*** Material shown
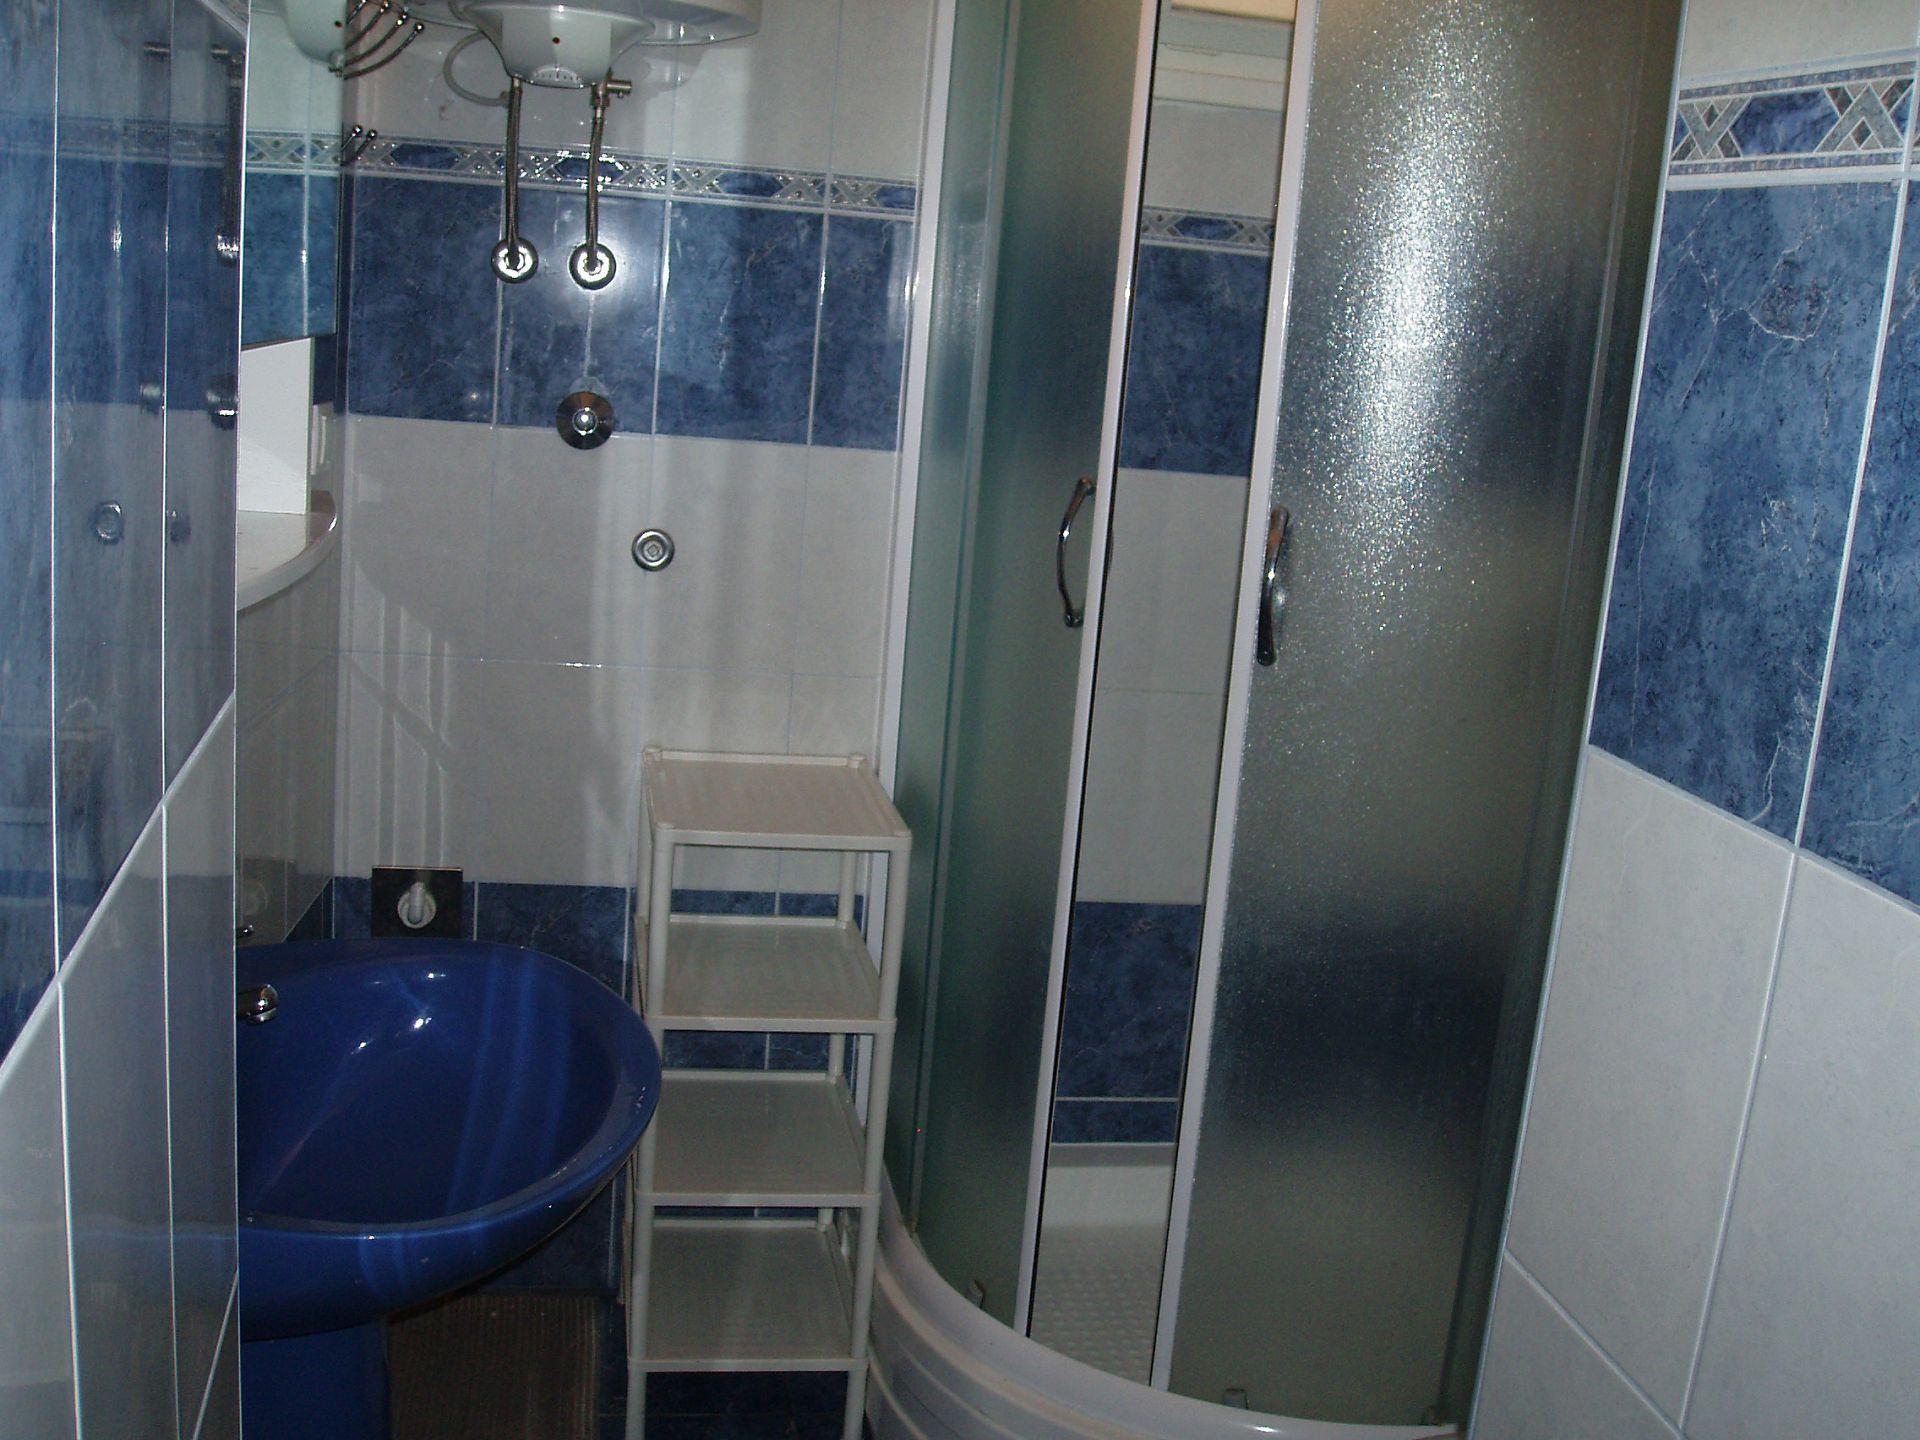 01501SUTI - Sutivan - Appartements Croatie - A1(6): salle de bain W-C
******
*** Material shown
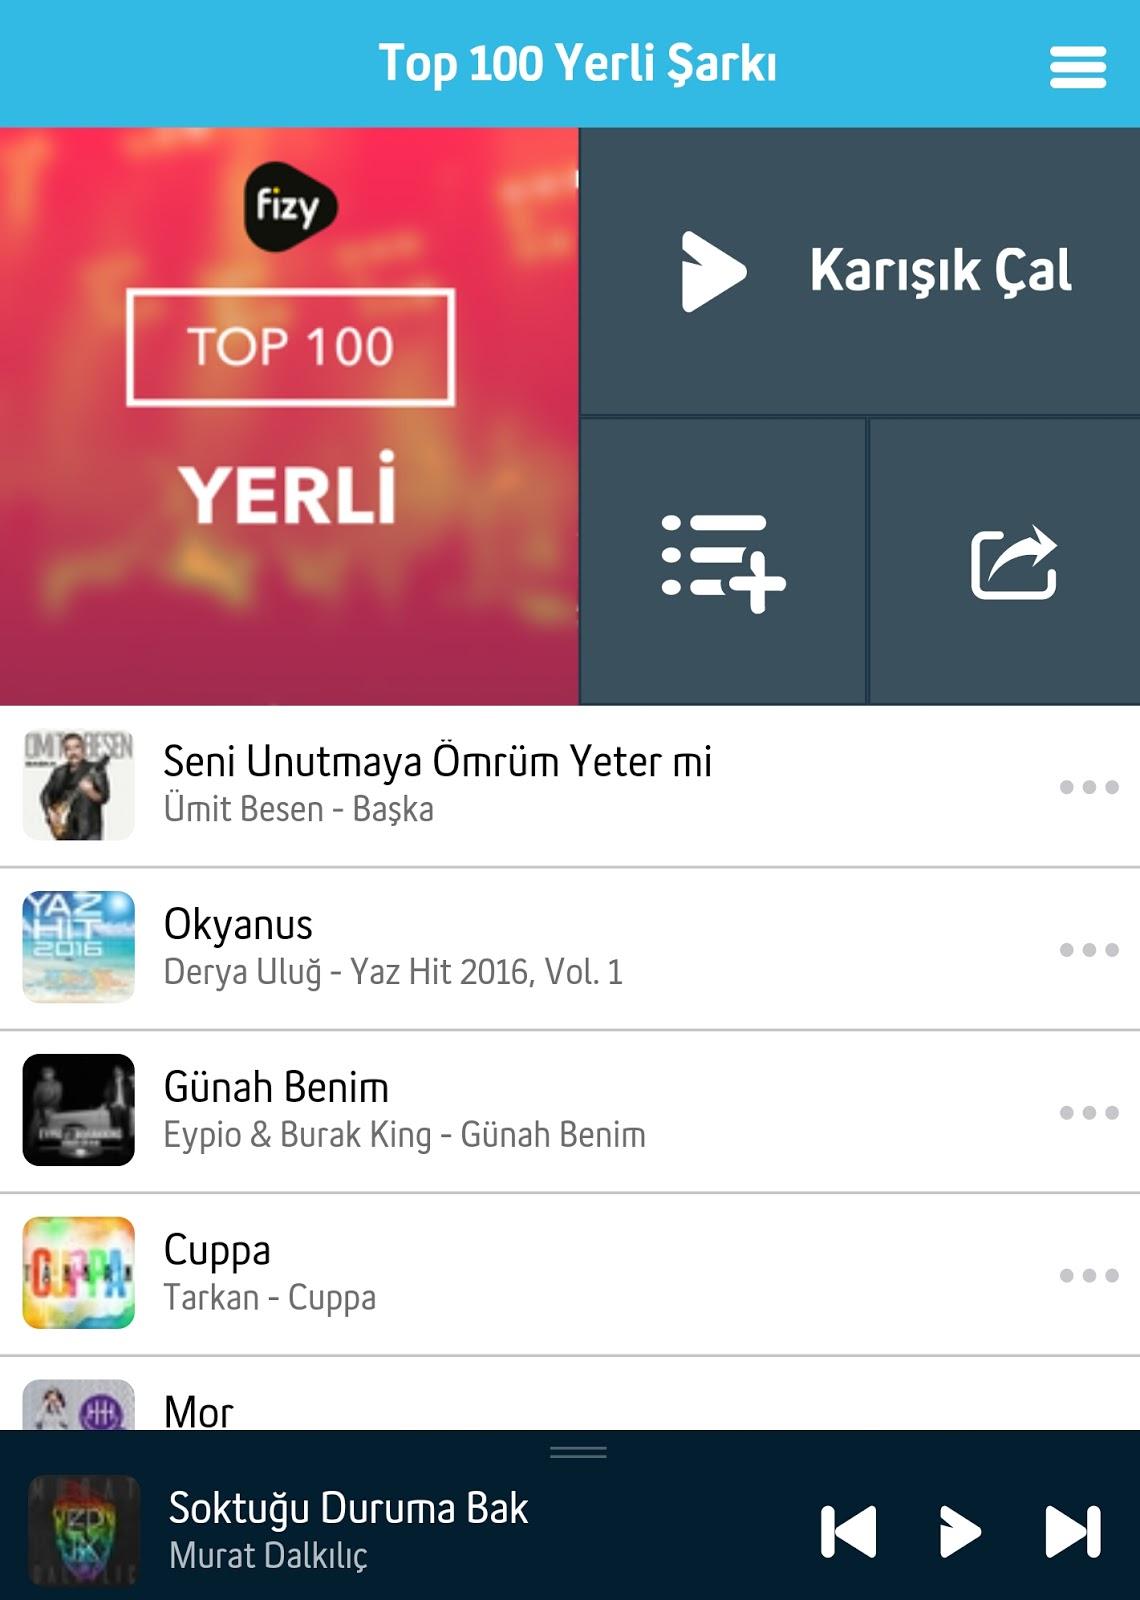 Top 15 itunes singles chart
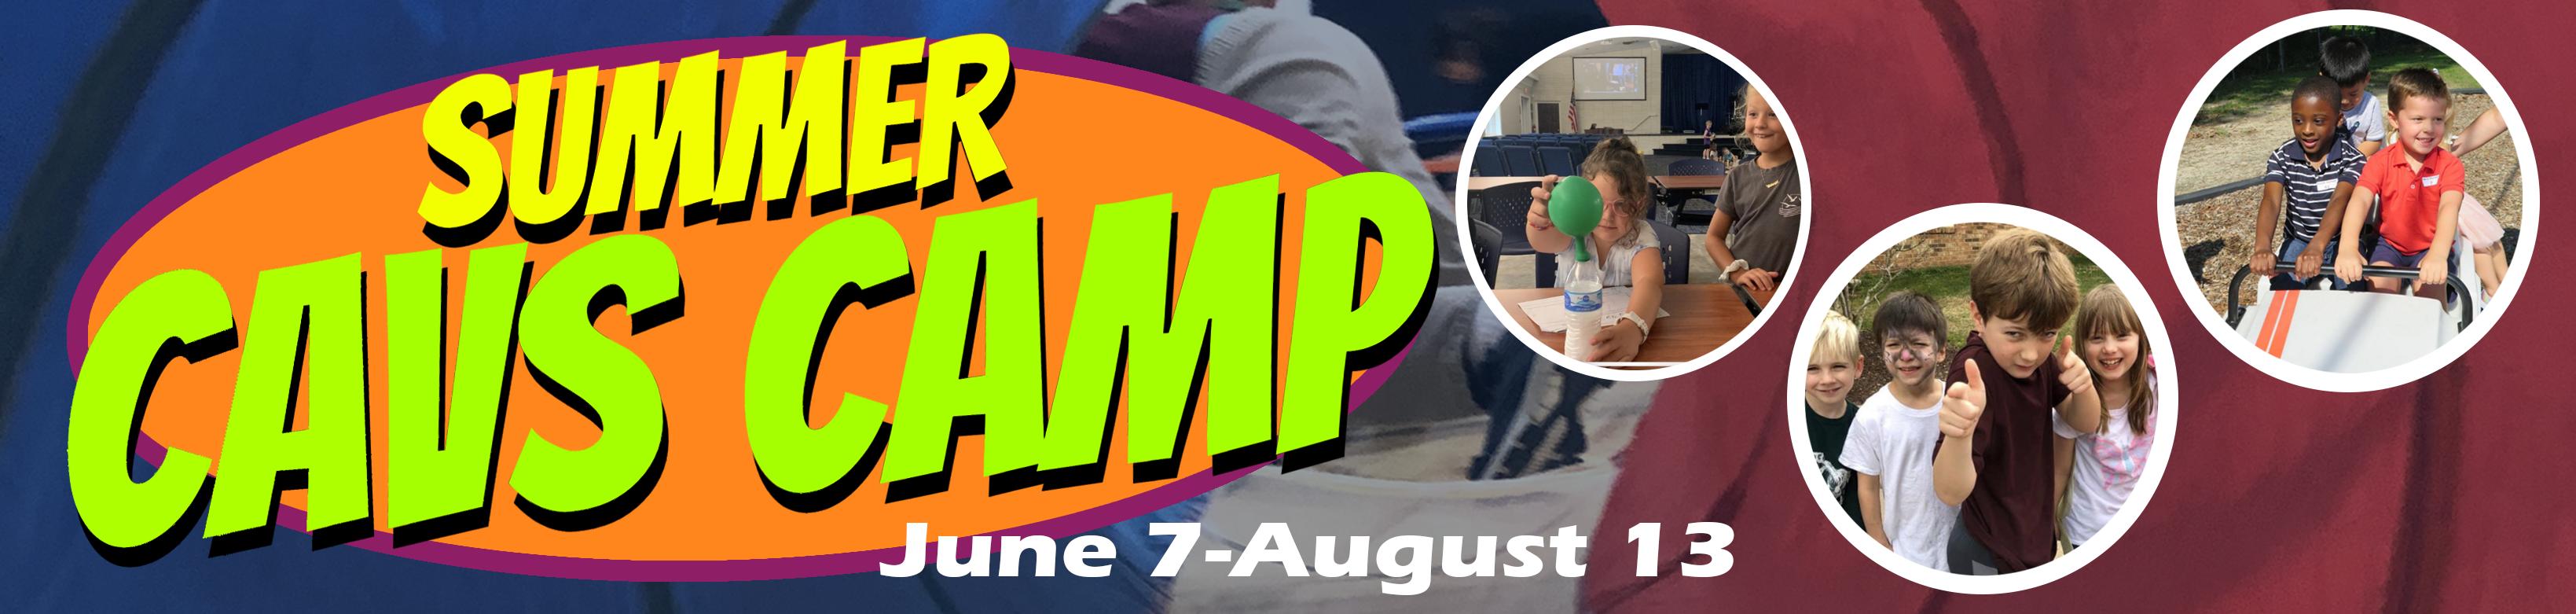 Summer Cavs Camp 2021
******
■ Exercise requirements: Set the pictures aside and retype exactly the lines above from the line with "Top 15 itunes singles chart" to the line with "Summer Cavs Camp 2021", both included, adding no others.

■ Answer:
 Top 15 itunes singles chart
 Summer Cavs Camp 2021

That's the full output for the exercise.